Input for this task: Begin

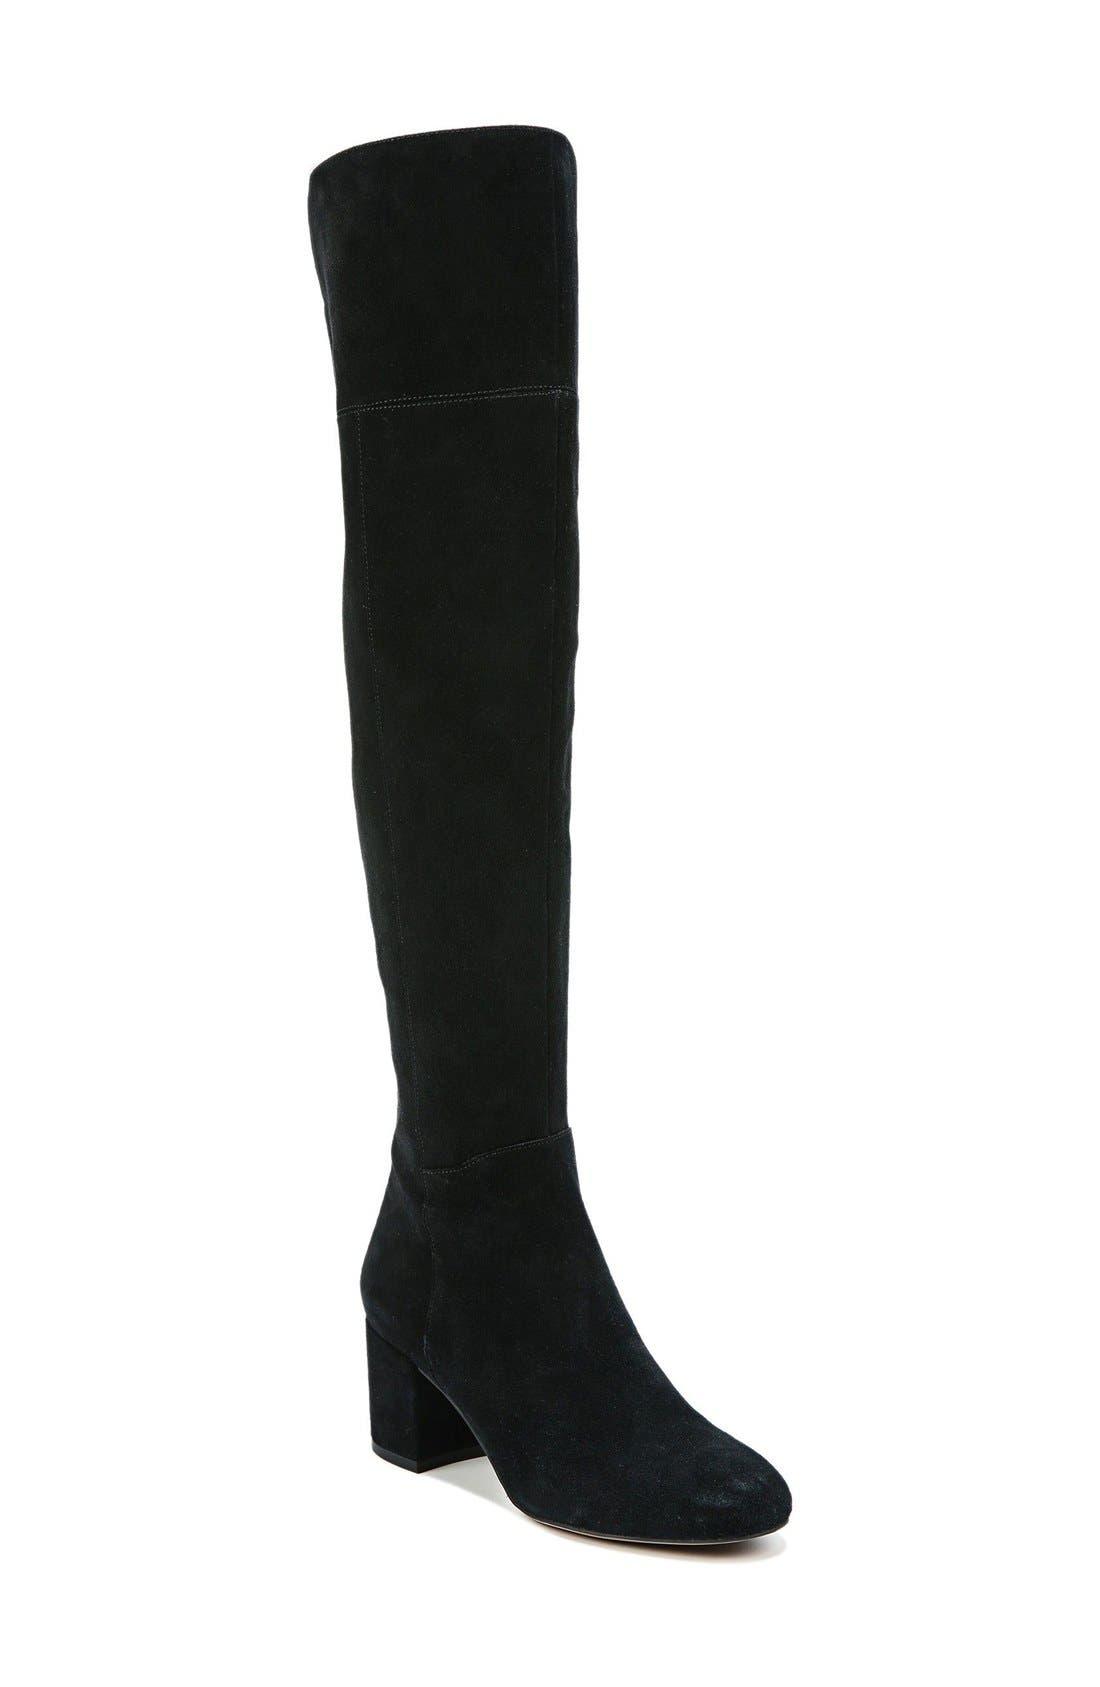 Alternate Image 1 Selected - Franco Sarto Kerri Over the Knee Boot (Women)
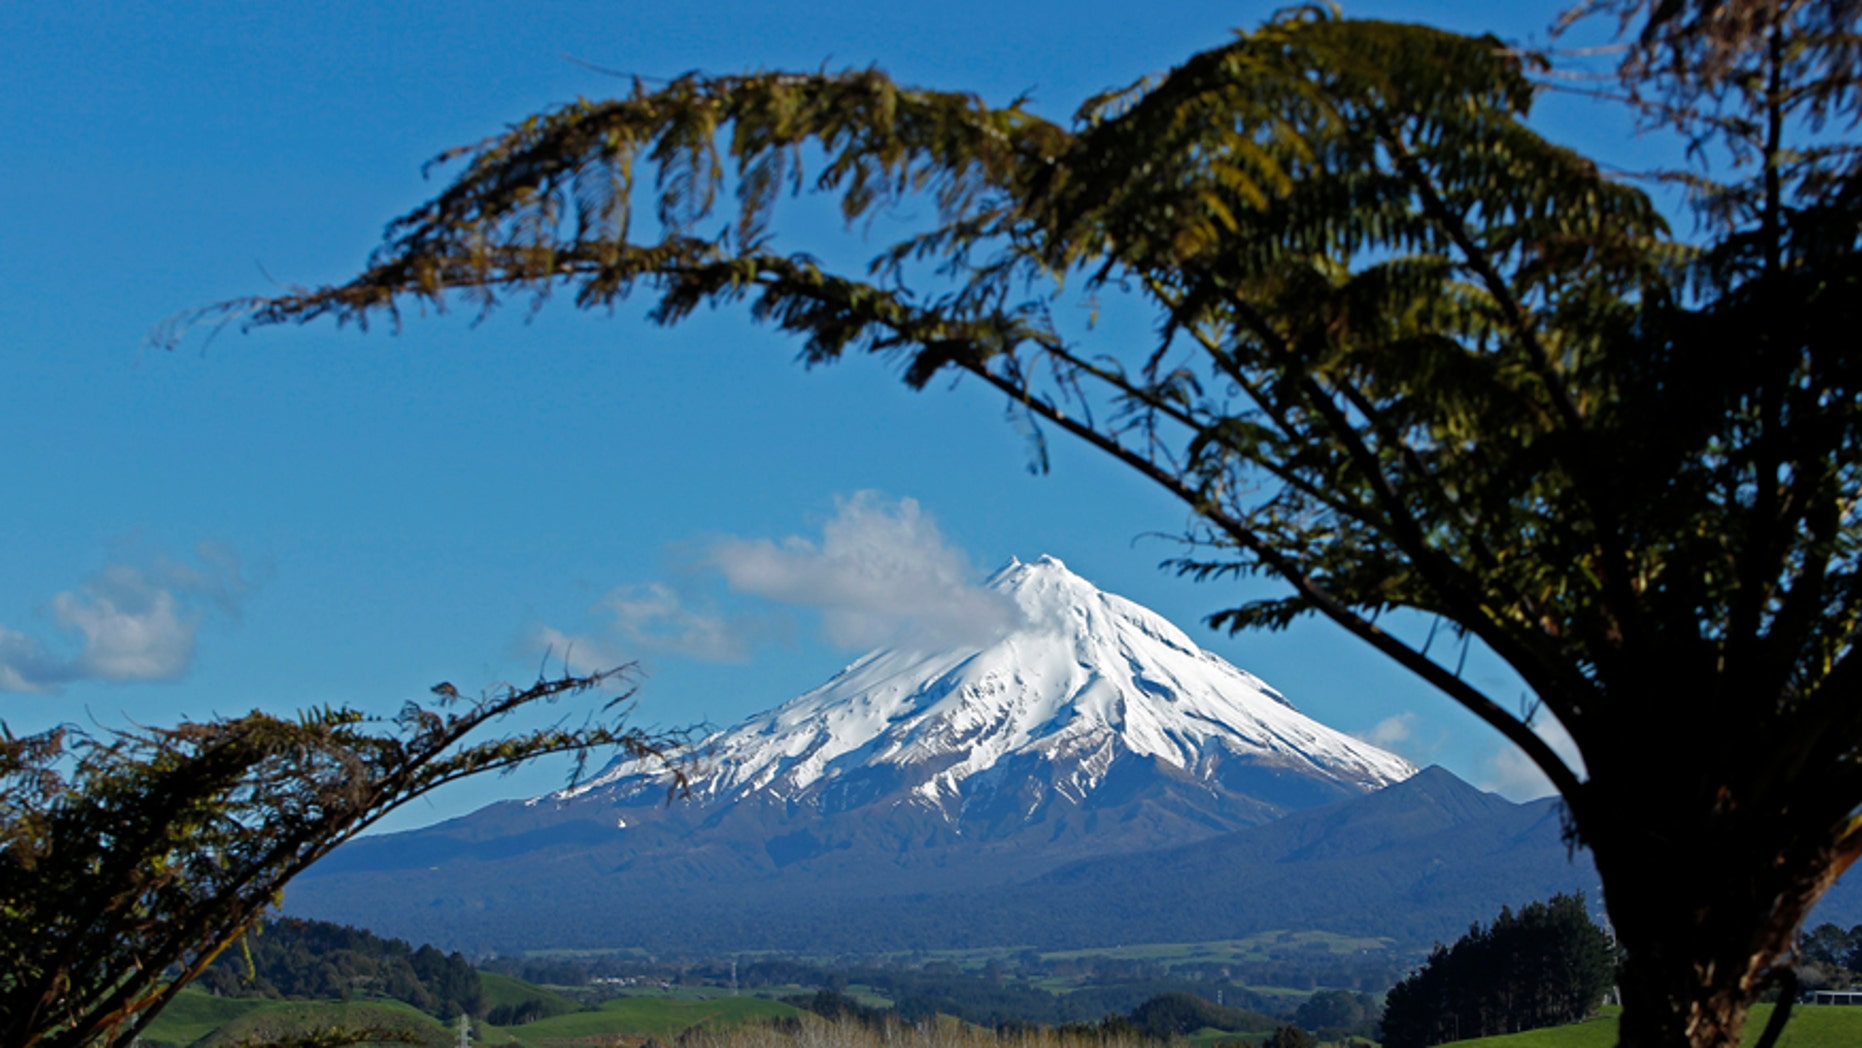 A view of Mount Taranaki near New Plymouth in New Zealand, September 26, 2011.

Input for this task: End
Input for this task: Begin

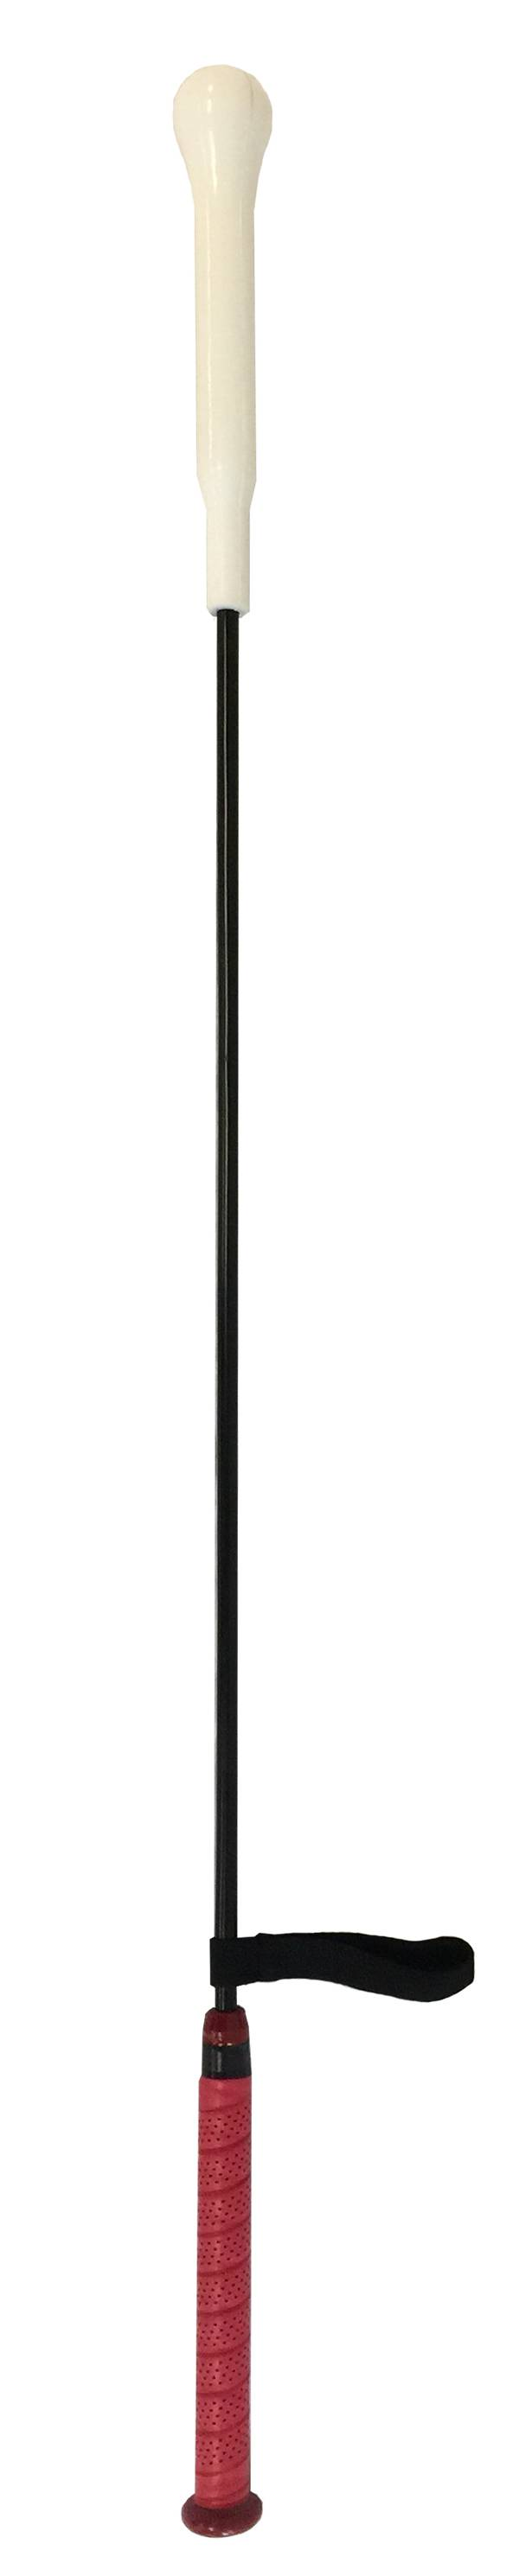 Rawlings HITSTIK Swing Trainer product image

Input for this task: End
Input for this task: Begin

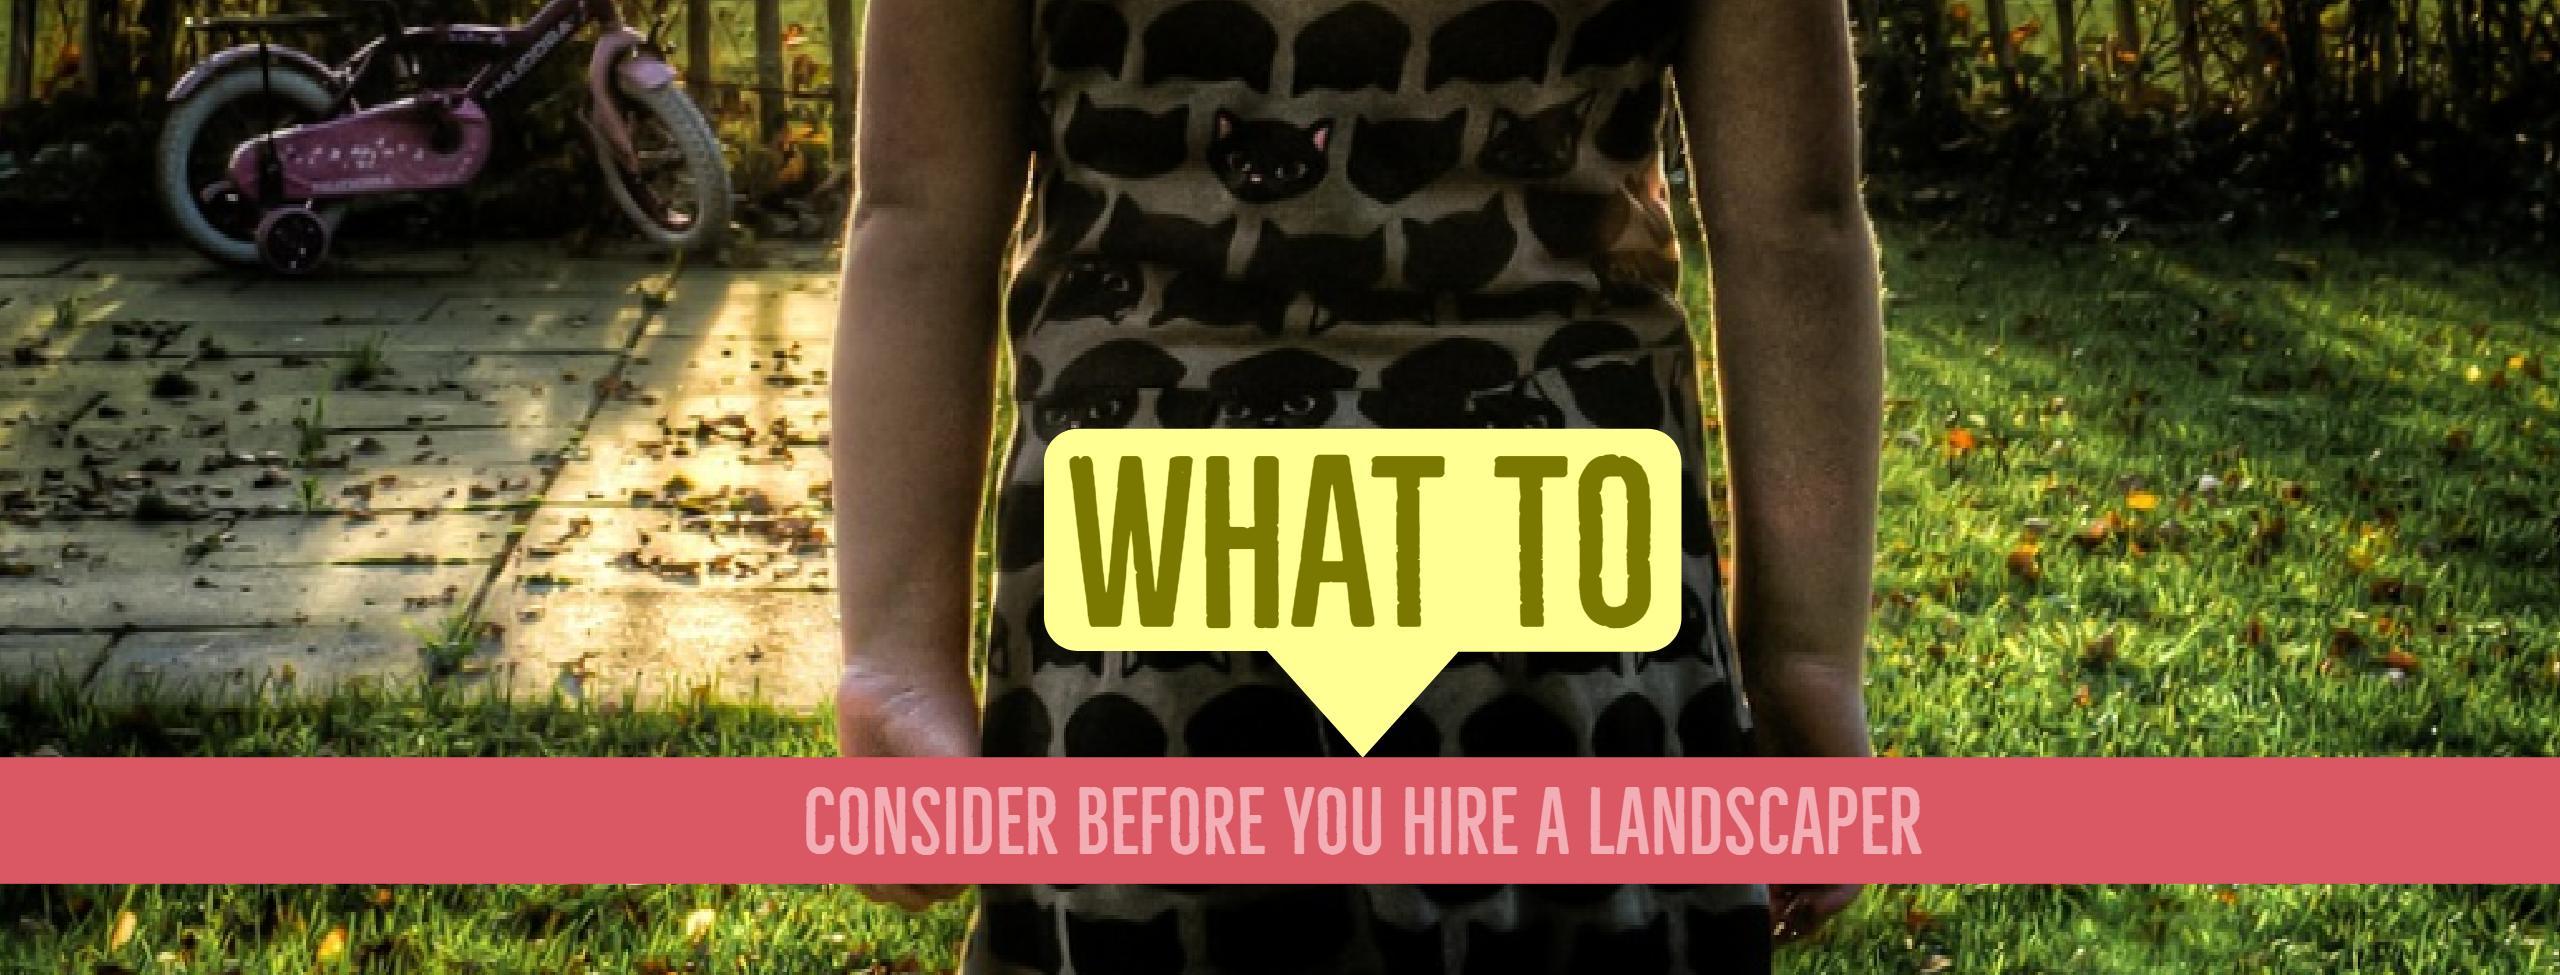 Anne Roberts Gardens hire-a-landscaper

Input for this task: End

| Work to complete |
Working from the records above, set down word for word everything from the line containing "Alternate Image 1" down to the line containing "A view of Mount", ends included, minus the pictures.

| Expected answer |
 Alternate Image 1 Selected - Franco Sarto Kerri Over the Knee Boot (Women)
 A view of Mount Taranaki near New Plymouth in New Zealand, September 26, 2011.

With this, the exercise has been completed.